* _Data below_

§

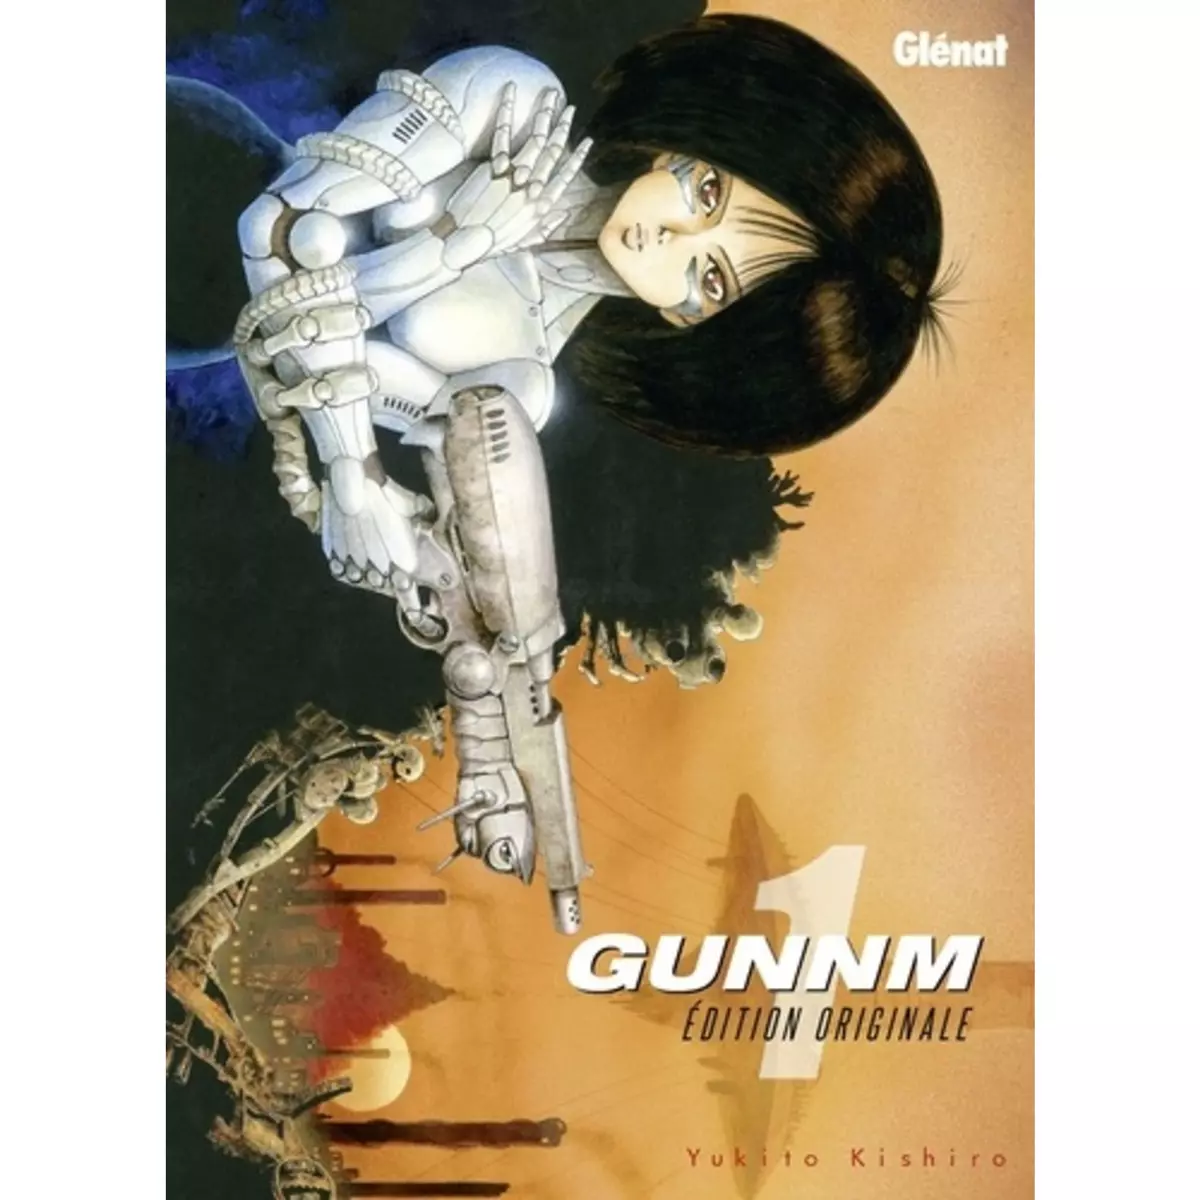  GUNNM - EDITION ORIGINALE TOME 1, Kishiro Yukito
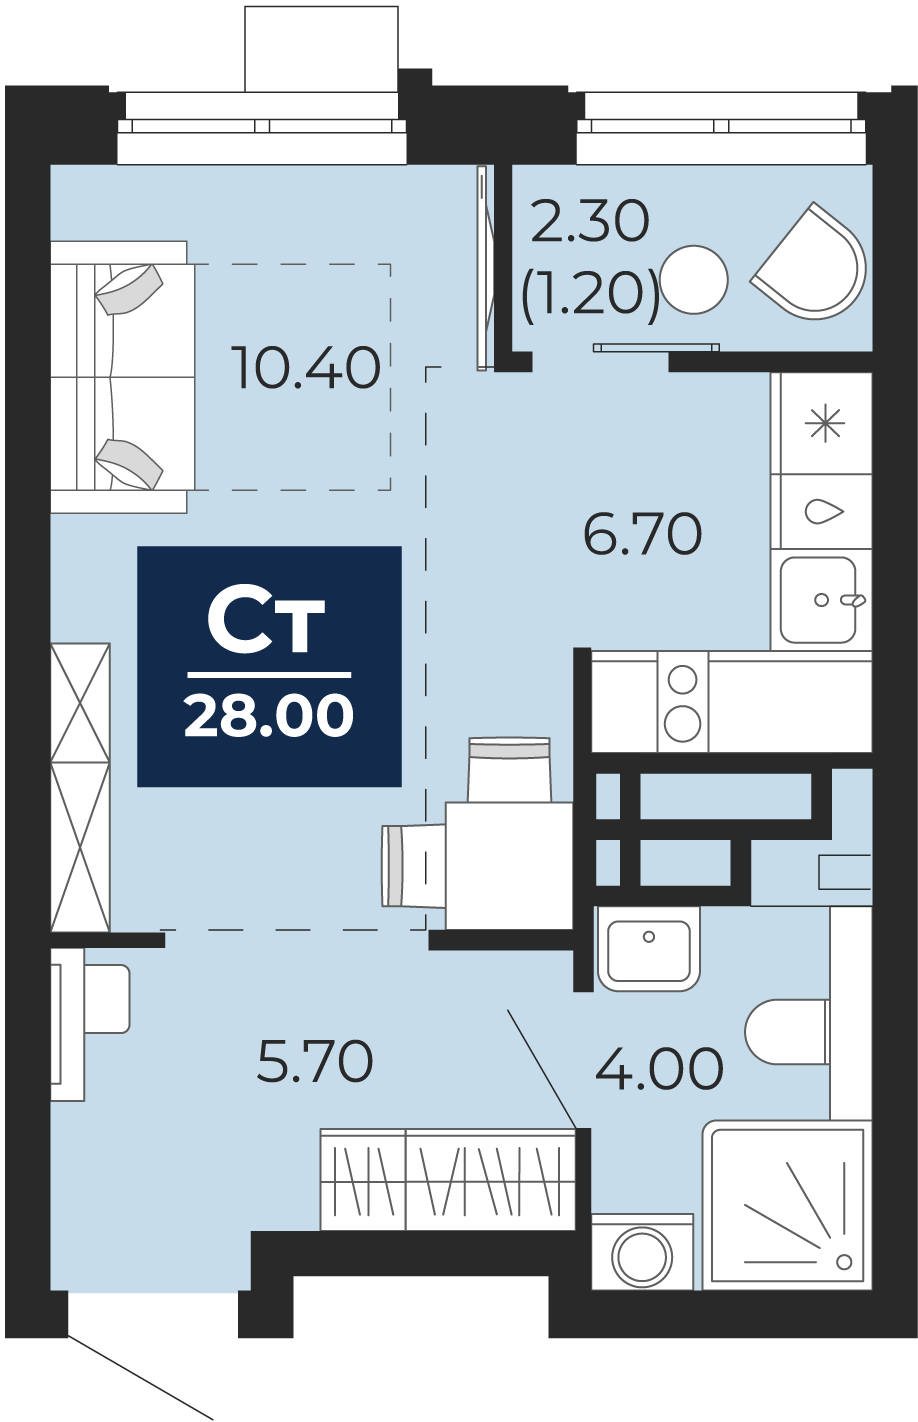 Квартира № 114, Студия, 28 кв. м, 4 этаж
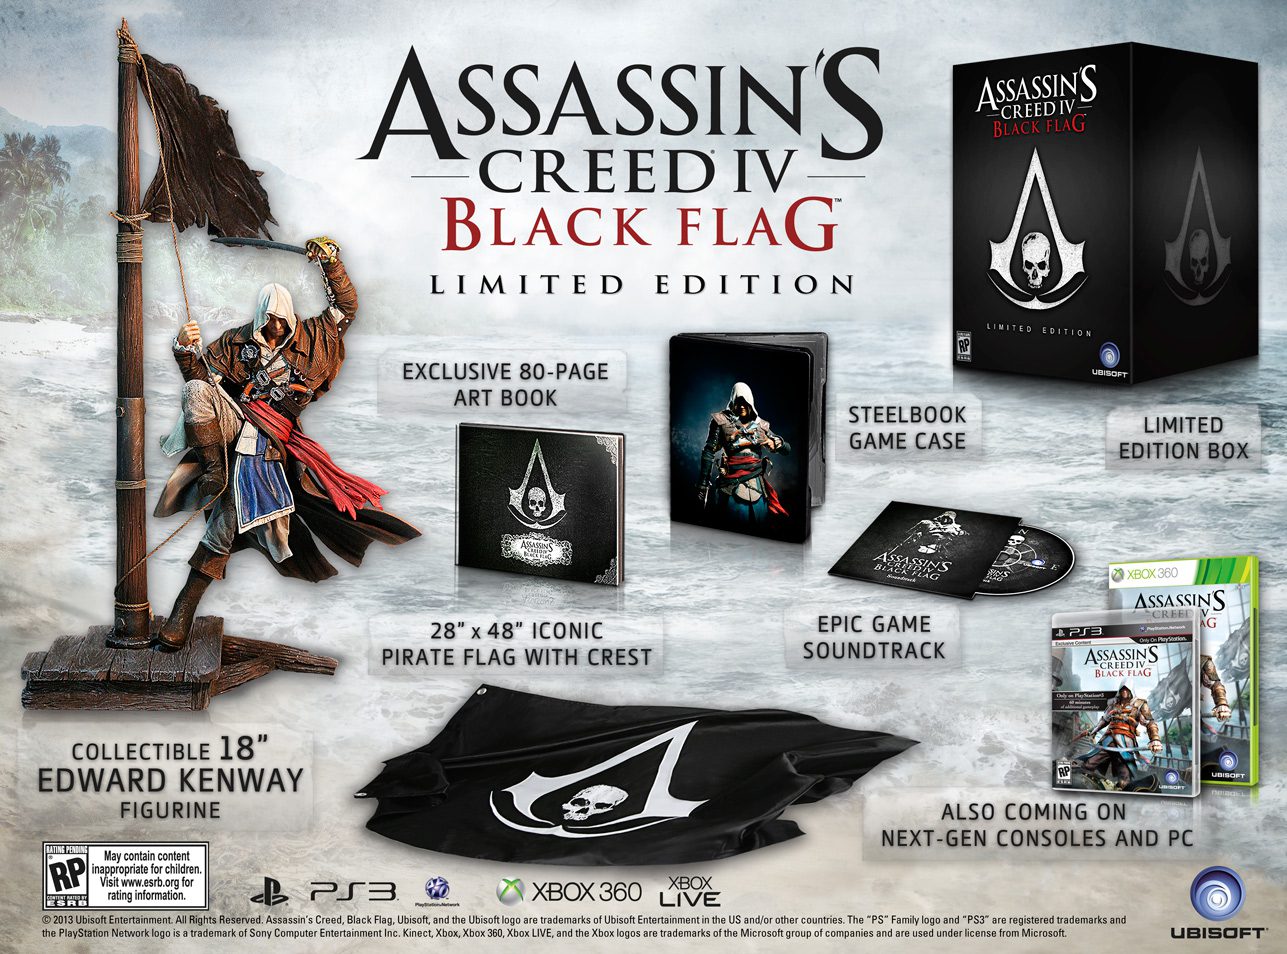 Se Muestra El Contenido De Assassin’s Creed IV: Black Flag Edición Limitada #AC4
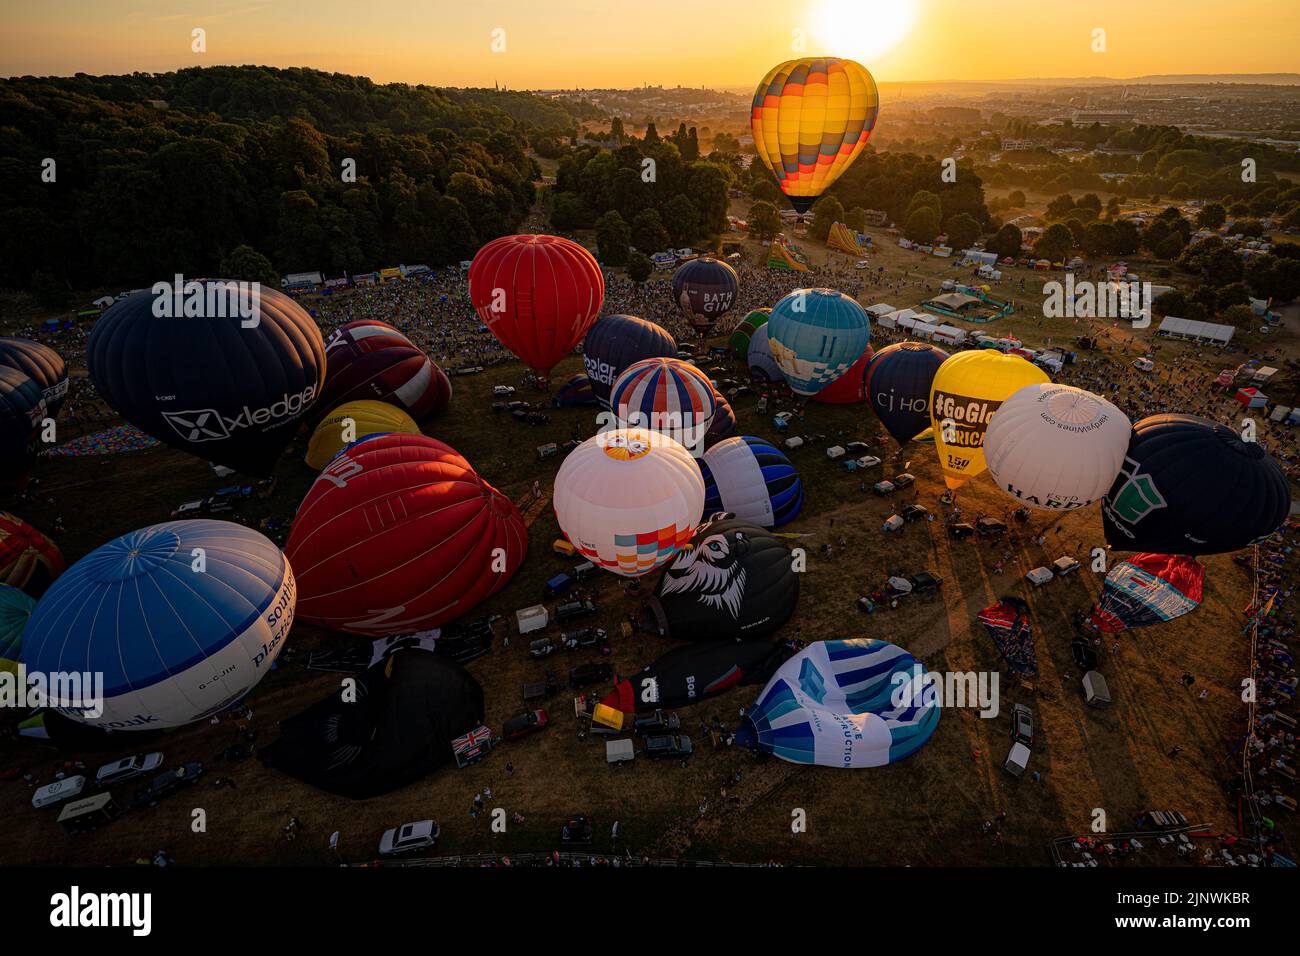 Le mongolfiere prendono il via durante la salita di massa della Bristol International Balloon Fiesta 2022. Data immagine: Domenica 14 agosto 2022. Foto Stock

§

* _Task prompt_
All of the material is to be reproduced verbatim, pictures excluded.

* _Completed task_
  GUNNM - EDITION ORIGINALE TOME 1, Kishiro Yukito
 Квартира № 114, Студия, 28 кв. м, 4 этаж
 Se Muestra El Contenido De Assassin’s Creed IV: Black Flag Edición Limitada #AC4
 Le mongolfiere prendono il via durante la salita di massa della Bristol International Balloon Fiesta 2022. Data immagine: Domenica 14 agosto 2022. Foto Stock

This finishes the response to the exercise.